For one, node.js is nothing more than a library of javascript functions that a server will selectively deliver to ANY web browser for running a web page. A large percentage of web pages utilize node.js an work just fine in any Apple web browser whether it be Apple's own Safari, Google Chrome, Microsoft Edge, etc. and on any Mac be it Intel or Apple Silicon. As a matter of fact, I have just completed a project for a web page that used node.js!!!!
And for Visual Studio code, I am using it just fine on my M1 MacBook Air and it is native Apple Silicon code!!!!!!!!!
satcomer wrote:
Java is NOT compatible on Modern Mac (all silicon)!
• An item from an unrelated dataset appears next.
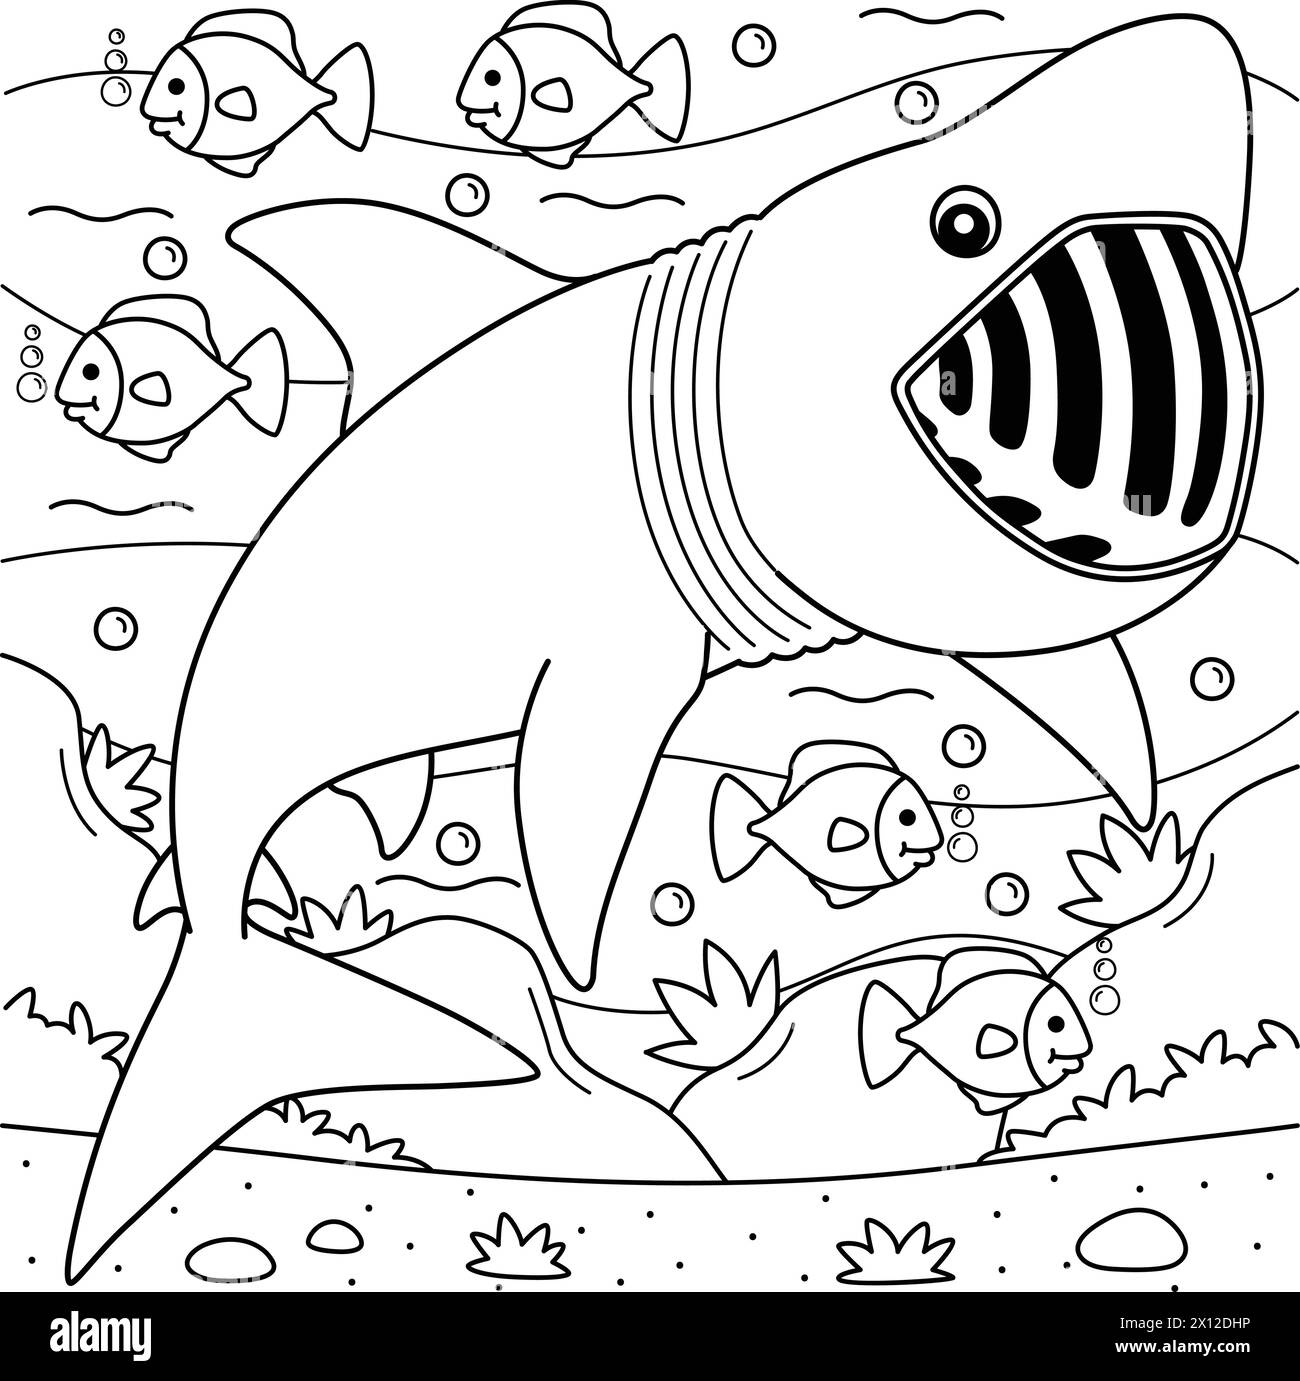 Basking Shark Coloring Page for Kids Stock Vector

You don't know what you're talking about.
Java is a programming language. One that's designed specifically to have very few implementation dependencies, meant to let programmers "write once, run anywhere." There's nothing saying that you cannot implement it on an Apple-Silicon-based Mac.
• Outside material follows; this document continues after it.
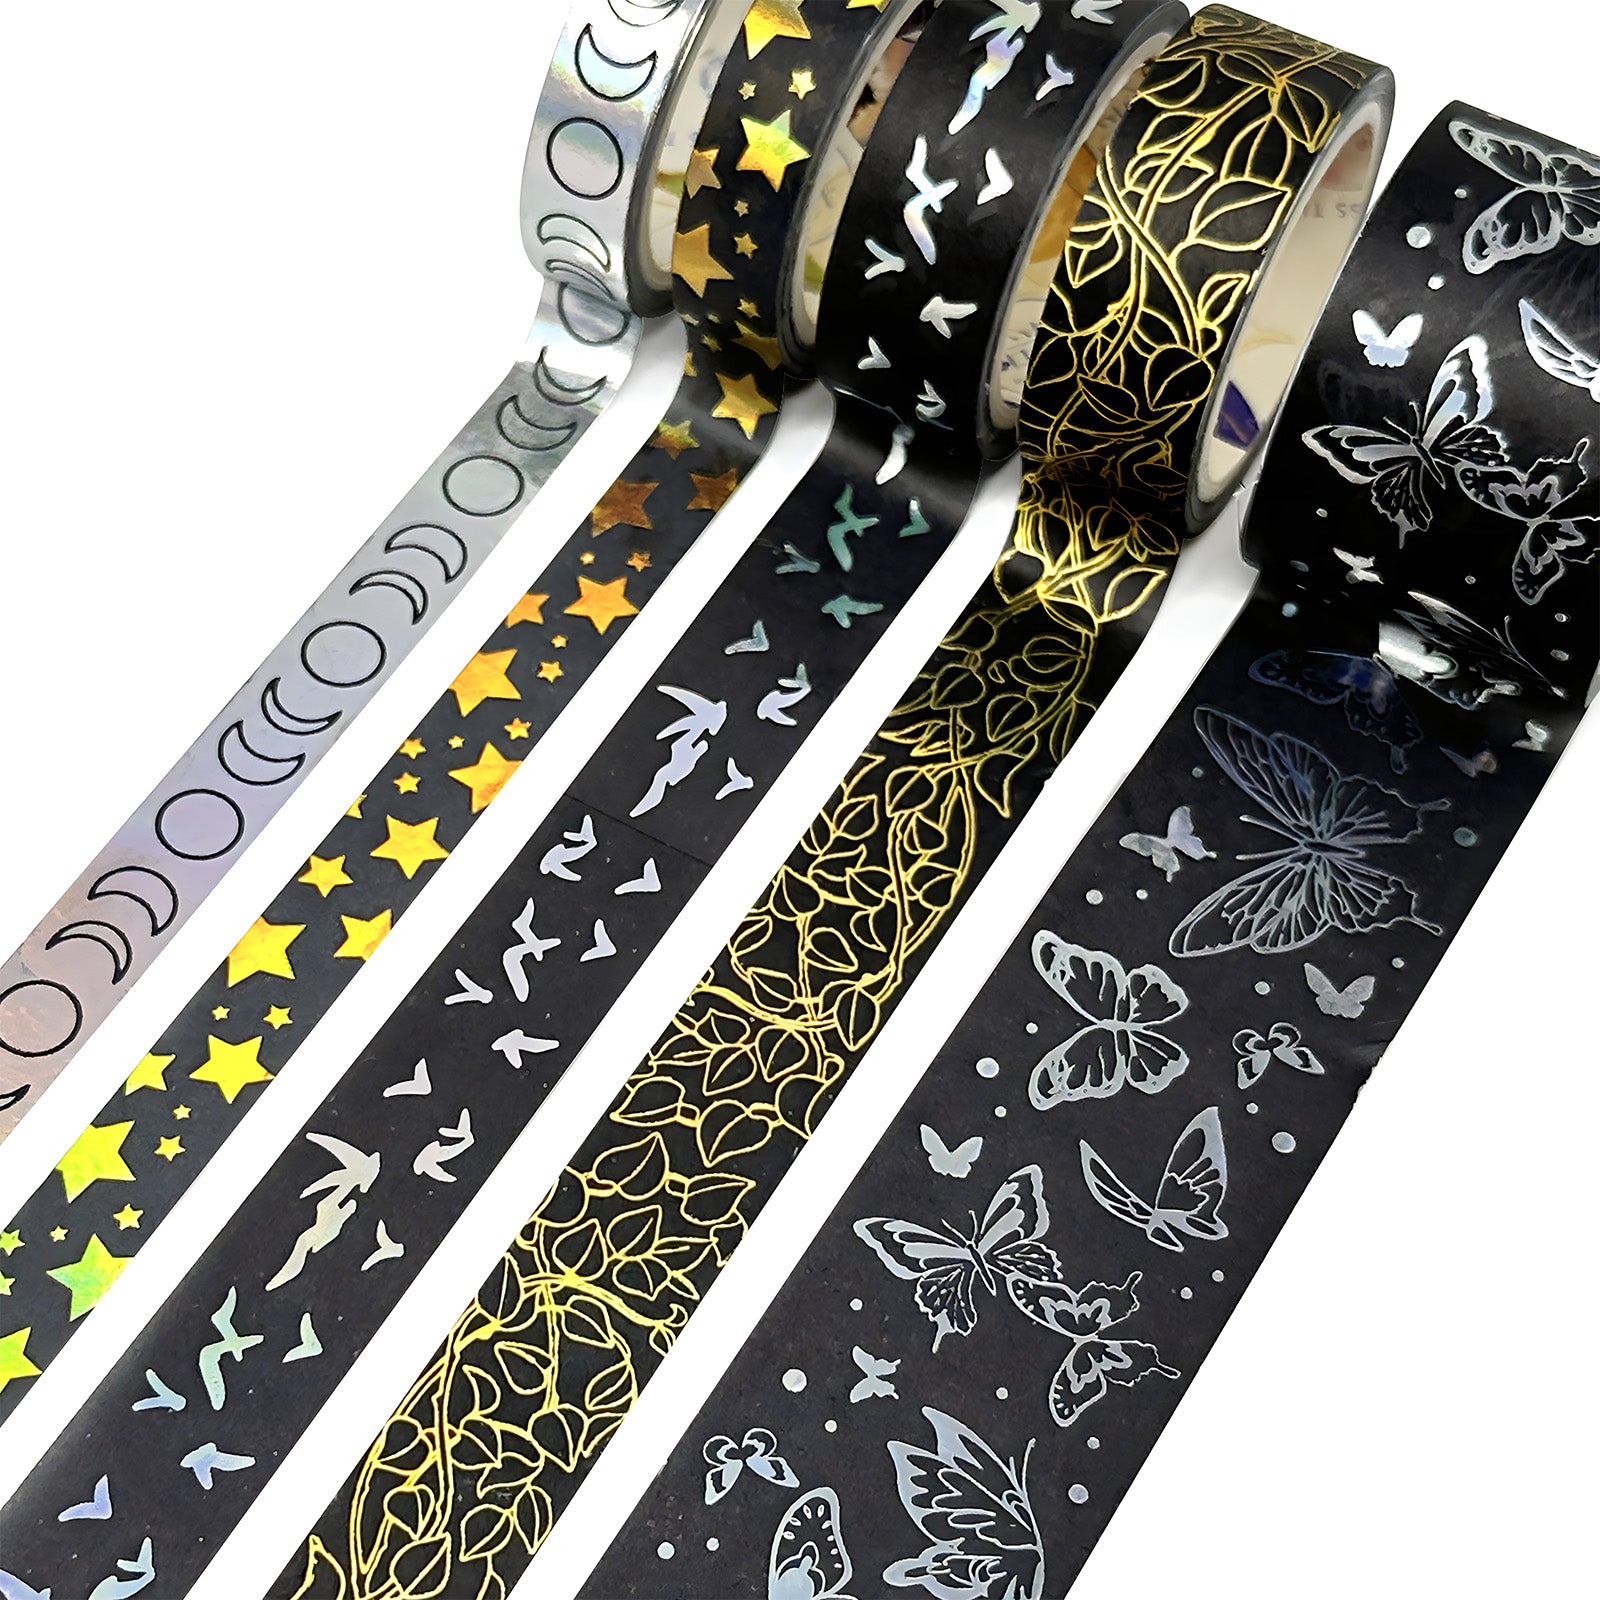 Wrapables Nature Metallic Foil Washi Tape Set for Scrapbooking, Stationery, Diary, Card Making, (8 Rolls), Floral Bloom

Oracle provides JDK 17, 21, and 22 implementations both for Intel (x64) Macs and for Apple Silicon (ARM64) ones. You just have to select the right implementation for your machine.
Like the security flaw in BSD Unix that was over 25 years old before it was discovered.
https://www.zdnet.com/article/25-year-old-bsd-bug-found-and-fixed/
“Researchers have discovered a new unpatchable security flaw that can break encryption on the best MacBooks if exploited by an attacker.
As reported by 9To5Mac, this recently discovered vulnerability affects every Mac running Apple silicon including the company’s M1, M2 and M3 chips. To make matters worse, the flaw is present in the architecture of these chips which means there’s no way for Apple to fix it outright”
Apple doesn't confirm, or even talk about any security projects that may be in the works. Often, they don't even announce a fix when it's released. They just quietly become part of the next OS update.
The M3 chip can enable/disable data-independent timing feature, in which the processor completes certain instructions in a constant amount of time. Software that use Apple cryptographic routines will do this automatically. If apps implement there own cryptographic routines they need to do this themself via the Apple API. Apple updated some dev pages a few days ago timed with the public release of this vulnerability. Enable DIT for constant-time cryptographic operations
Maybe macOS updates are already out that address this for M3.